“En habiendo arroz, aunque no haya Dios”, decía el montubio de antes, según Enrique Gil Gilbert. Los pueblos aguantan mucho, pero no aguantan sin comer. Por eso, lo primero que los economistas del Gobierno deberían averiguar es cómo nos aseguramos de que en los próximos días de sangre, sudor y lágrimas, no se produzca al menos una carestía dramática de alimentos.
Rafael Correa, simplista como es, tiene soluciones sencillas. En el caso de la península de Santa Elena recomienda expropiar las tierras improductivas de los pelucones. Una medida así, desde luego, no se la debe descartar; pero no es por allí por donde hay que comenzar el debate. La pregunta es por qué, disponiendo de tanto apoyo estatal –encarnado en la colosal obra de Cedegé– las tierras de la Península no florecen. Hasta hace poco era frecuente responder que los propietarios de esas tierras son comuneros que no tienen vocación para la agricultura y, concomitantemente, que el precio del agua es demasiado alto. Pues bien, algo de todo eso podría ser falso.
Resulta que un importante porcentaje de tierras cambió de dueño y existe ya un sector de propietarios privados, la mayoría de los cuales tampoco producen.
Asimismo, recientemente se rebajó el precio del agua, y nada; no hubo por eso un movimiento importante de capitales productivos hacia la zona. Una opinión extendida es que en la Península es mejor negocio especular con la tierra que ponerla a producir.
Para modificar todo esto será indispensable en el futuro una colaboración mucho más estrecha entre estado, productores privados y universidad.
El Estado deberá intervenir urgentemente porque estudios recientes de gente vinculada a la Espol recomiendan reorientar los programas de riego de la Cedegé e incorporar técnicas locales (como las albarranas), ya que de otro modo el proyecto en su conjunto seguirá sin ser rentable.

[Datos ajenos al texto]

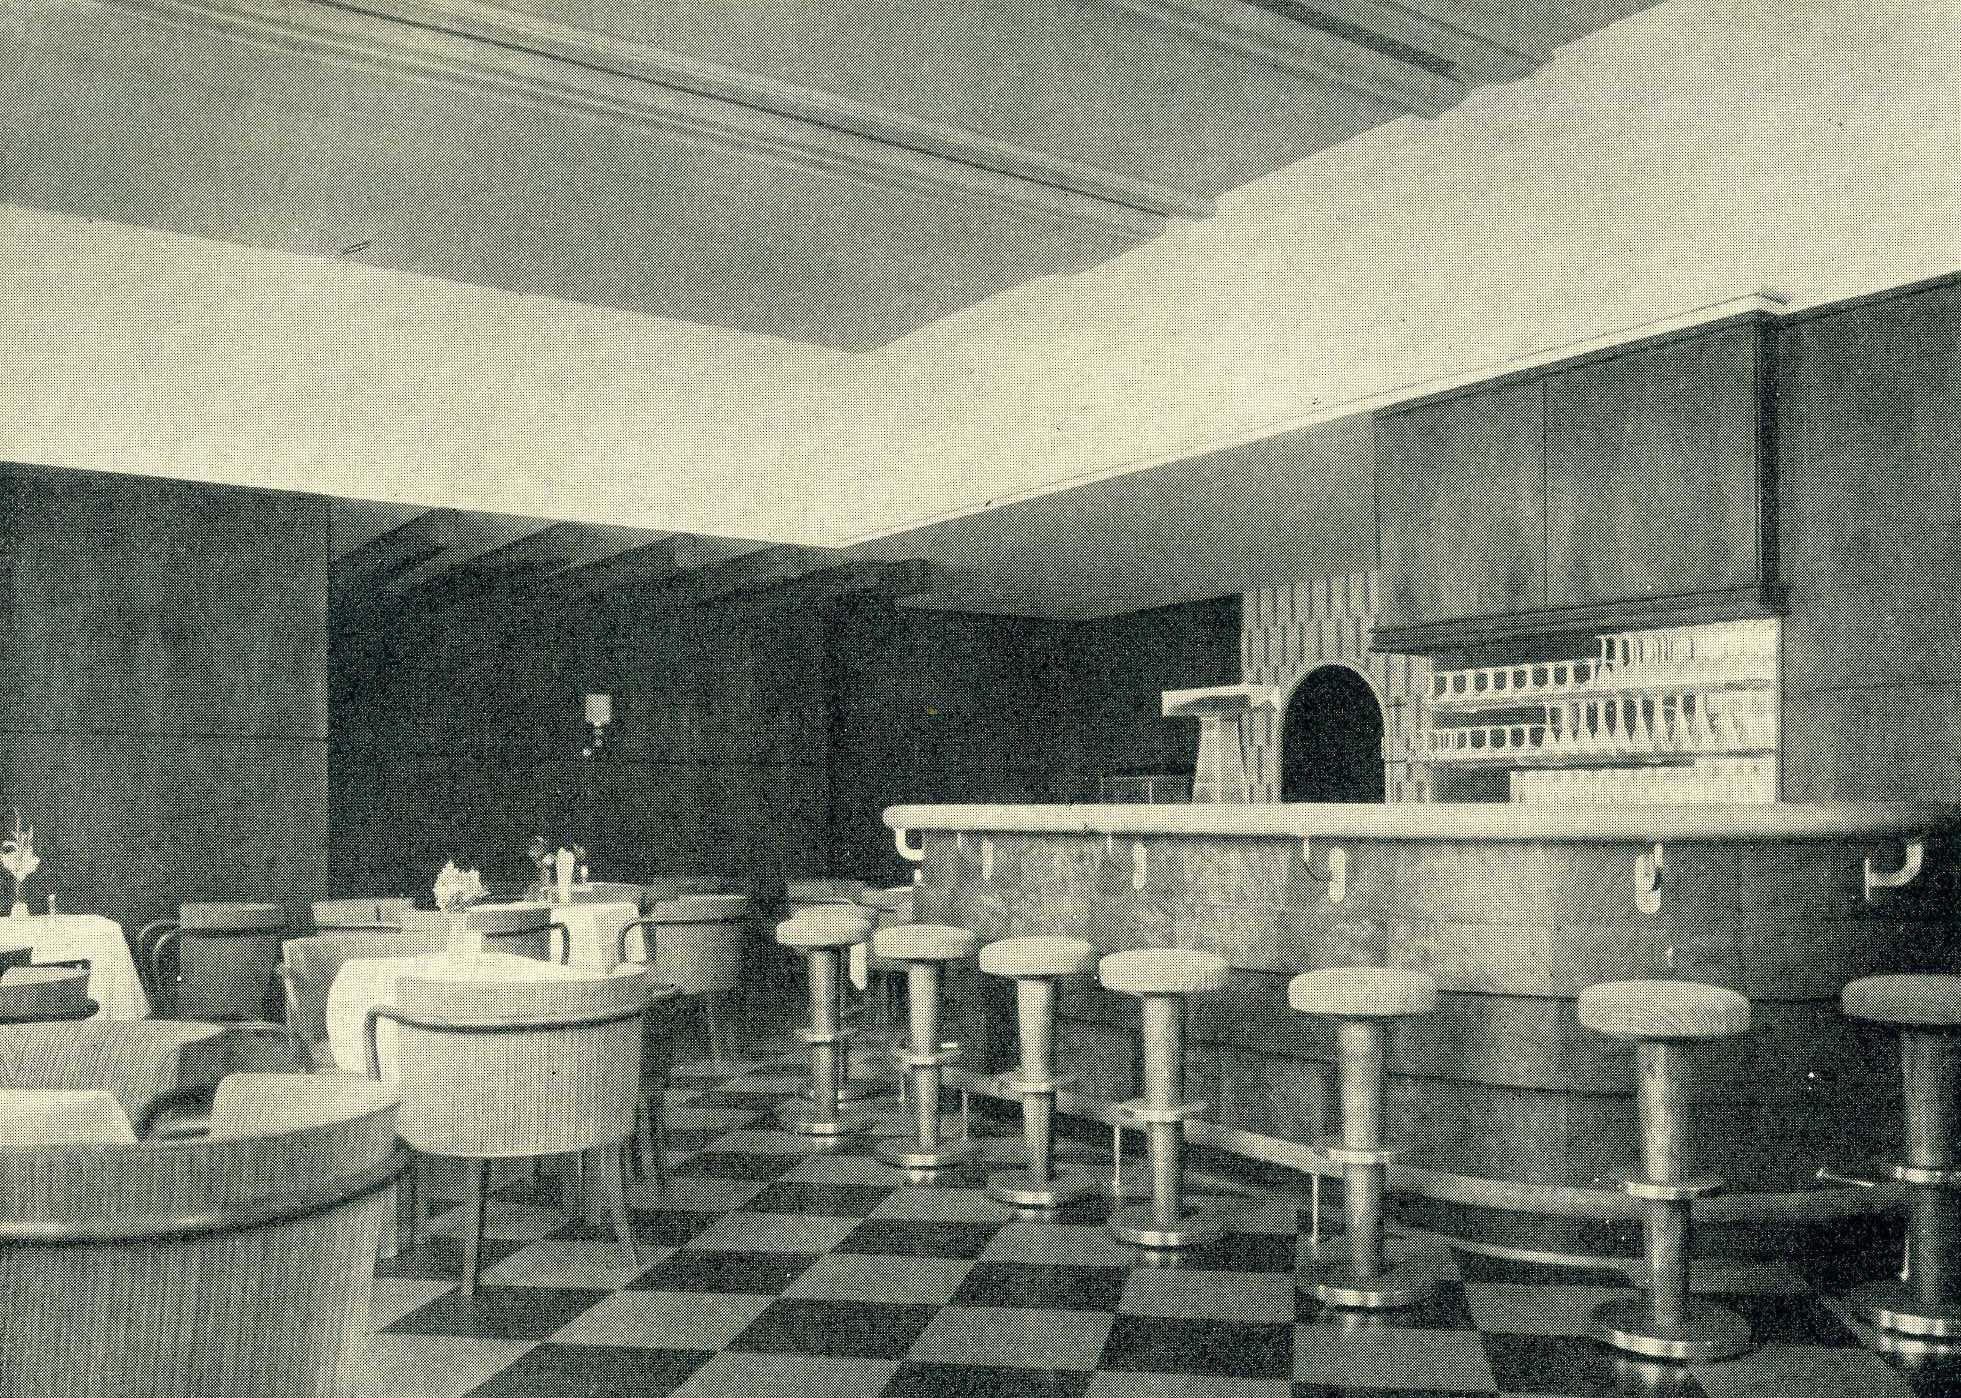 Breidenbacher Hof A Capella Hotel Konigsallee   D Ef Bf Bdsseldorf
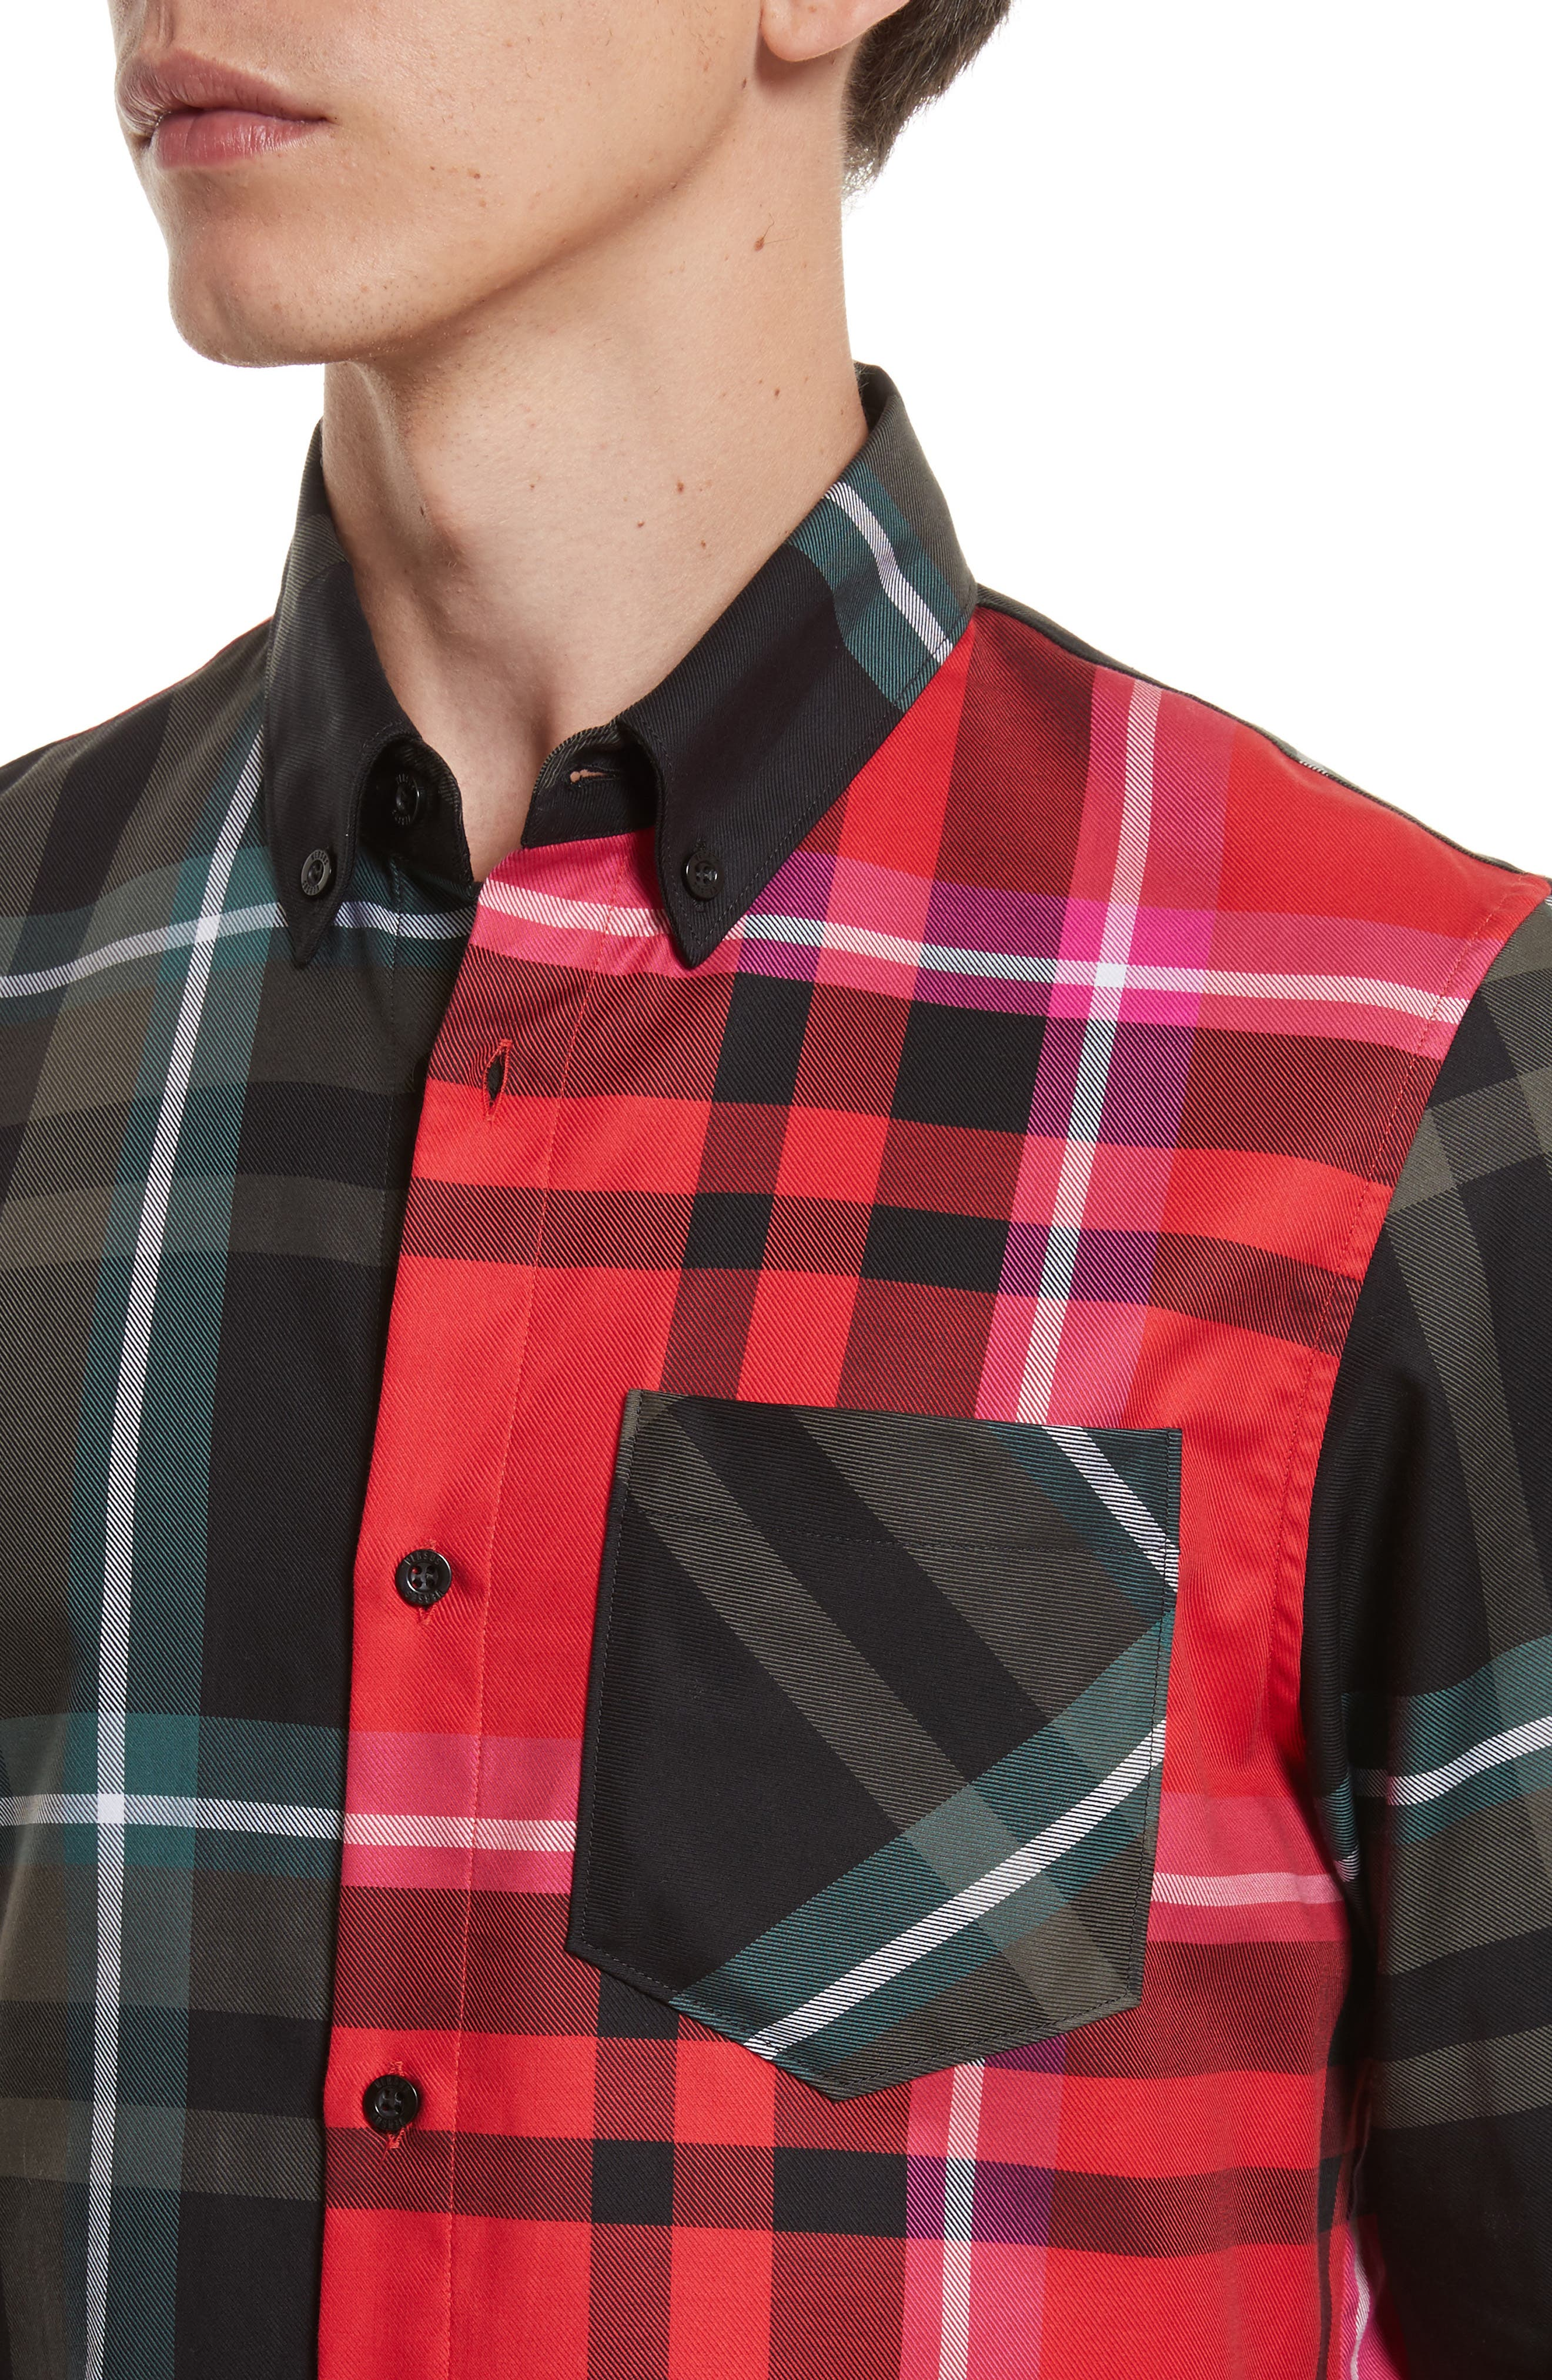 VERSUS by Versace Plaid Woven Shirt,                             Alternate thumbnail 4, color,                             647

Paralelamente habrá que resolver el problema de la propiedad de la tierra, que le preocupa al Presidente, ahuyentando al especulador y poniendo énfasis en generar la mayor cantidad de empleo posible, sacrificando cualquier otra prioridad (excepto, por supuesto, la de que sea un proyecto rentable). El objetivo debería ser que contemos allí con un sector muy numeroso de agricultores de clase media, propietarios y jornaleros, que además de proveer bienes al mercado interno, demanden asimismo productos y servicios industriales a Guayaquil y otras ciudades de la zona.
La seguridad alimentaria no pasa solo por producir alimentos sino por conseguir que los que consumen esos alimentos movilicen a su vez la economía.
Por último, la presencia de la universidad será imprescindible, porque para desarrollar la Península se requerirá de tecnologías que no las podremos comprar todas en el extranjero ya que los recursos no alcanzarían, y parte al menos tendremos que crearlas localmente.
Como ven, un proyecto económico y social de esos que deberían encantarle a la izquierda de la Revolución Ciudadana. En dos años, mucho de esto ya hubiese podido avanzar. ¿Pero qué están haciendo ahora para conseguirlo, aparte de inscribirse como candidatos para terciar en las primarias de Alianza PAIS? Nada. El arribismo ya es de todos.